Implementing Open-Book Management
Financial literacy is key to getting your staff to understand the numbers and how their actions affect them. Byers says they’ve found the more people are engaged throughout the process – from annual budget planning to weekly tracking and reporting – the more equipped they are to connect the dots.
Fraynd says he uses the penny game from GGOB.
“In short, everyone starts with 100 pennies and we ask them how they believe money falls in certain buckets, i.e. wages, equipment, materials, insurance, taxes and even down to how much they think we make in profit,” he says. “Our team has grown a tremendous amount from where we started but it’s always amazing to see how wide of a range we get on these answers. At the end of the day, when we say there are maybe 5-10 pennies left for profit, they are shocked, ‘We need to do better!’ That’s the best light bulb moment of all and it’s when the real magic begins!”
He says it’s also important to break down the numbers to tangible goals and KPIs that team members can wrap their heads around and affect on a daily basis.
“This may be expense line items from admin and fleet team members or weekly sales figures for the sales team,” Fraynd says. “Our managers receive monthly goals for their team in earned revenue, billed labor hours (throughput) and gross profit (as a percentage and a dollar). We also bring this down to the crew level with weekly ‘efficiency’ scores showing them how they are doing toward man-hour goals.”

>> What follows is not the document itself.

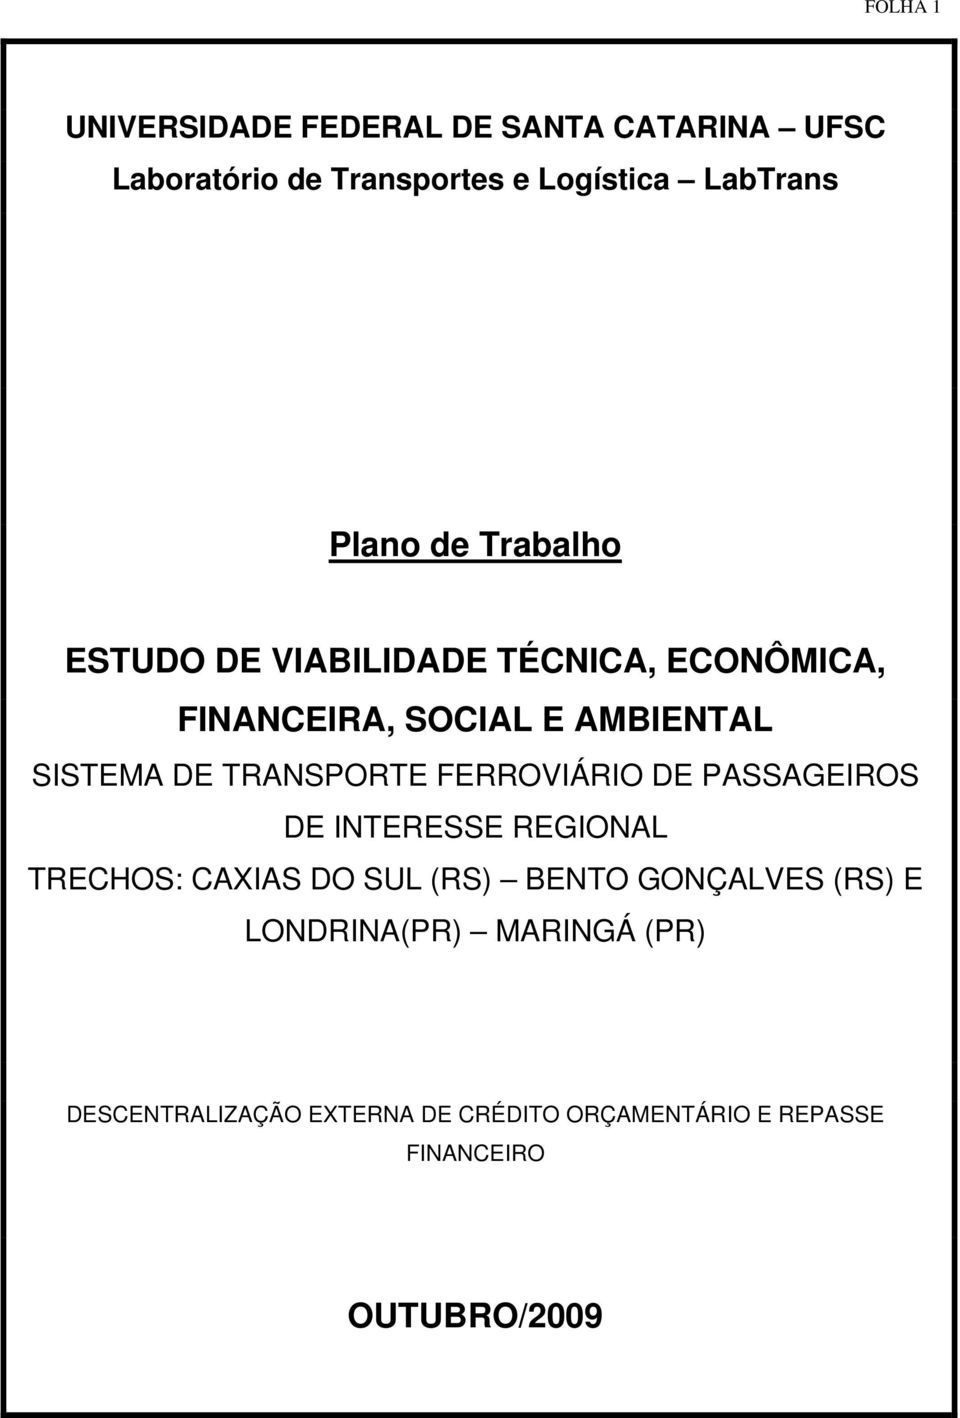 TRANSPORTE FERROVIÁRIO DE PASSAGEIROS DE INTERESSE REGIONAL TRECHOS: CAXIAS DO SUL (RS) BENTO GONÇALVES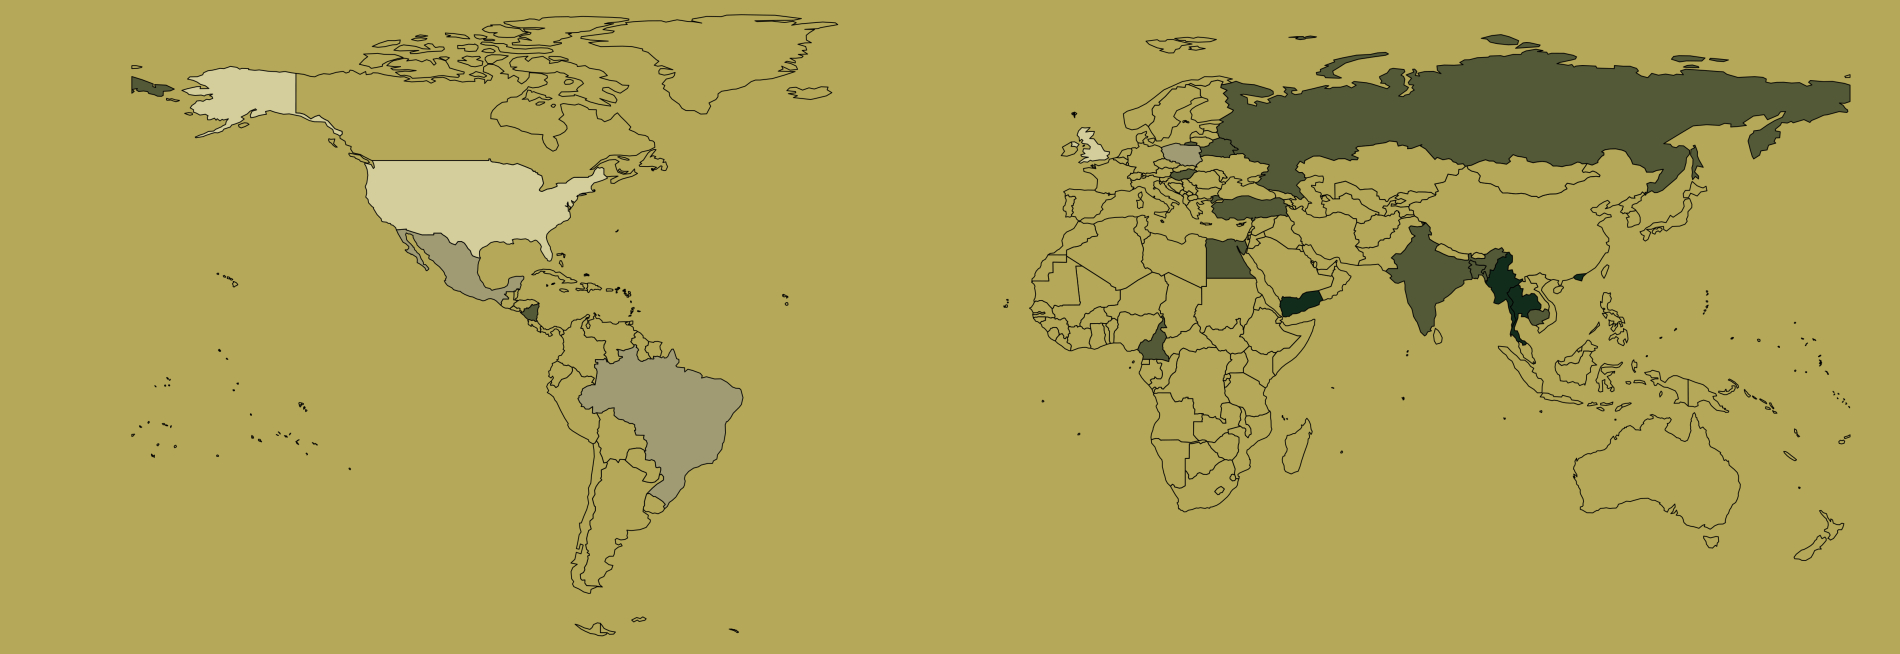 Weltkarte mit Ländern in verschiedenen Farben markiert, die den jeweiligen Grad der Wissenschaftsfreiheit anzeigen.

Fraynd recommends starting out simple with a few items like budgeted revenue, gross profit, overhead and profit and adding complexity as you go. Once your team does have a grasp on the numbers, be aware that they can be discouraged if your company is not hitting its goals. Reminding them they have the power and support to change that is empowering.
“It’s our job as leaders to support the team, make quick decisions based on data and to motivate people when they need it most,” Fraynd says. “It helps to keep a wide perspective, focused not just on the week’s or month’s goals, but in your ultimate vision and reflecting back on how far you have come. This pressure to perform is not for everyone, but we have found that by sharing the score, the top performers rise to the top and we are far better for it.”
Byers advises those interested in open-book management research GGOB as it has coaches and an online community to help practitioners with implementation as their “game” evolves. Fraynd also suggests GGOB, along with Scaling Up, Traction, E-Myth and The Hard Thing About Hard Things.
“If you need help or support, reach out to me or many of the other NALP members that operate using OBM,” Fraynd says.
Byers agrees and encourages reaching out to peers using the system and learning from their experiences.
“I would also caution that it is a learning process for all — from bottom to top and everyone in between,” Byers says. “It takes a sustained effort to educate and keep people engaged, so make the commitment and stay with it.”